Internal subsets are bad, for two reasons:

  1. they are hard to parse (I guess the syntax can be changed, but the
     second reason still remains:)

  2. they mix constraints on the format with shortcuts, defaults and
     parsing instructions.

 > 
 > If not, a variety of other solutions have been floated. But it looks as
 > though ISO is oging to help us.
 > 
 > >
 > >The trade-off is whether such a mechanism will complicate the
 > >applications. I think declaring defaults for attributes locally, with
 > >scope until the end of the element in which they are declared, is not
 > >complicated to implement (it's a stack, and every parser needs a stack
 > >anyway), while providing a lot of benefit.
 > 
 > Yes, but it creates unbounded linear dependencies, forcing the parsing of
 > an entire document from the beginning, with all entitiy references
 > resolved. A State-independent solution allows "lazy" entity parsing, and
 > re-use of partial documents as well-formed XML fragments.

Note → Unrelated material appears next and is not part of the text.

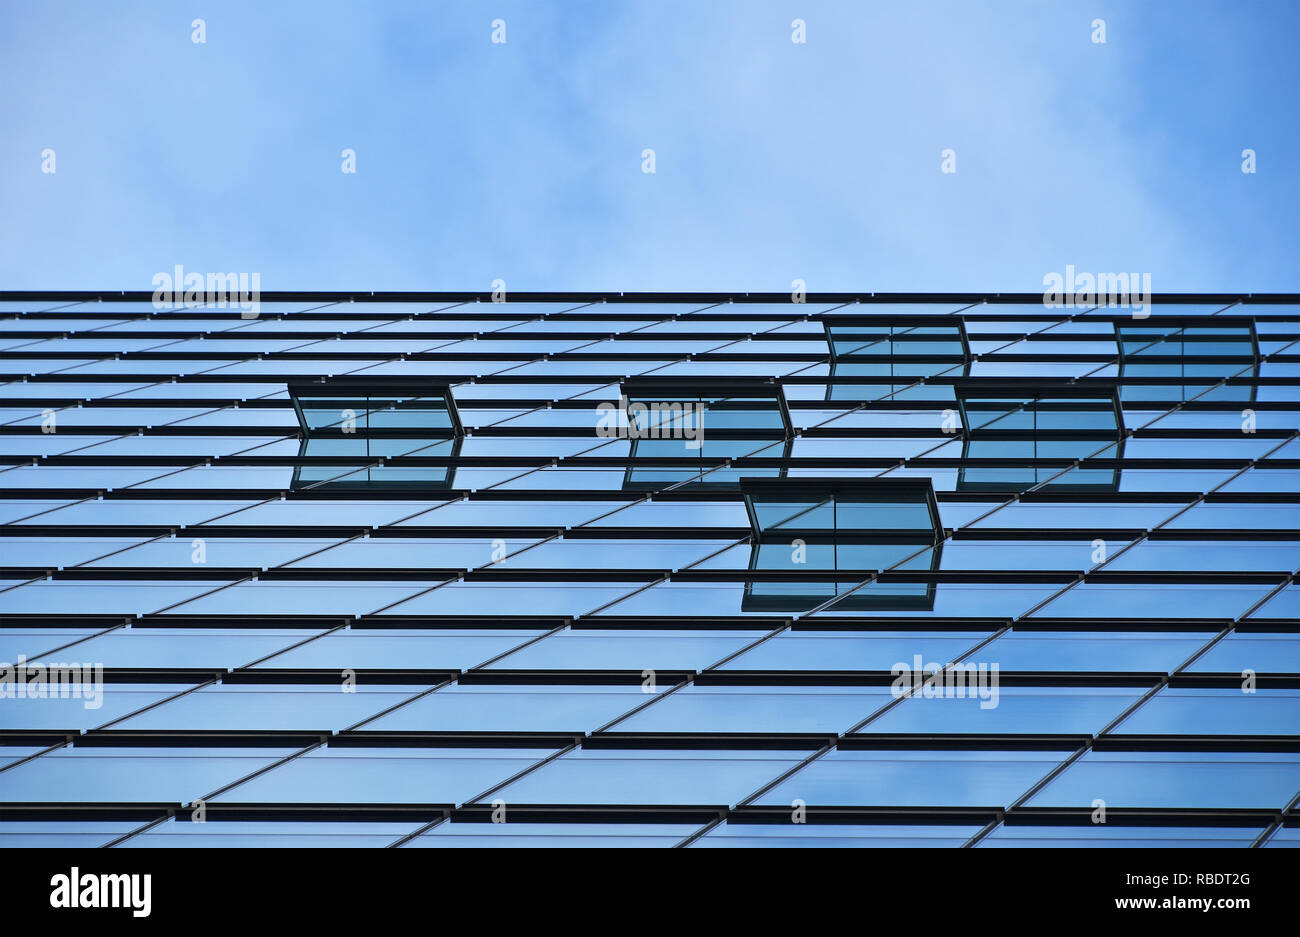 Background texture of modern business skyscraper building glass windows pattern with reflection over cloudy blue sky, low angle view Stock Photo

True, in the worst case, but there are several arguments why this is
not a big problem:

  - The vast majority of documents is small, on the Web that is even
    more true than elsewhere.

  - When you parse backwards (up in the tree), you can stop as soon as
    you find an appropriate definition. Especially in a large
    document, that is likely to be well before you reach the root.

  - You can arbitrarily limit namespaces by putting a !doctype
    somewhere. When you go up the tree and reach a !doctype node, you
    don't have to go further up in the tree (backwards in the
    document), because this is a hard limimt on the
    namespace. (Confession: my software currently doesn't implement it
    this way... I'll fix it ASAP)

  - For many, if not most applications you'll need the full tree
    anyway, or at least you'll need to know all the ancestors of an
    element (the stack). This is true, e.g., of most TEI xpointers and
    of CSS style sheets.

  - The vast majority of parser will parse from start to end. Parsing
    from the middle out is hard, and people that can do it can also do
    whatever is needed to find declarations. Indeed, I think that
    applications that need parsing from the middle out will simply put
    in their profile that defaulting is not allowed, or provide
    mechanisms that limit the amount of backwards search to a fixed
    length.

And the alternative isn't much better. Instead of parsing backwards,
you have to go back to the start of the document and parse up to the
first element.

 > 
 > Alex's point (1) is so decisive that no other arguments are needed.

Which point is that?

 > 
 > >I don't really mind the XML at the start, I was just trying to save a
 > >few bytes:-)
 > >
 > >And about your world: I haven't found any applications for PIs either,
 > >and I think that there aren't actually any worlds that need them.
 > 
 > PIs are allowed to users in XML (which I believe to be a mistake, but I'll
 > simply never use them, and progandize against their use, when I have a
 > chance). However, their use in XML itself has been very sensible: they
 > allow us to add the equivalent of new declarations and DTD features to XML
 > -- without having to use SGML-incompatible (or SGMl-invisible) syntax.

I agree with you there, but there is a fallacy in calling them "PIs",
since PIs are a term from SGML, and in SGML they are not targeted at
SGML parsers, but at the applications built on top of the parsers.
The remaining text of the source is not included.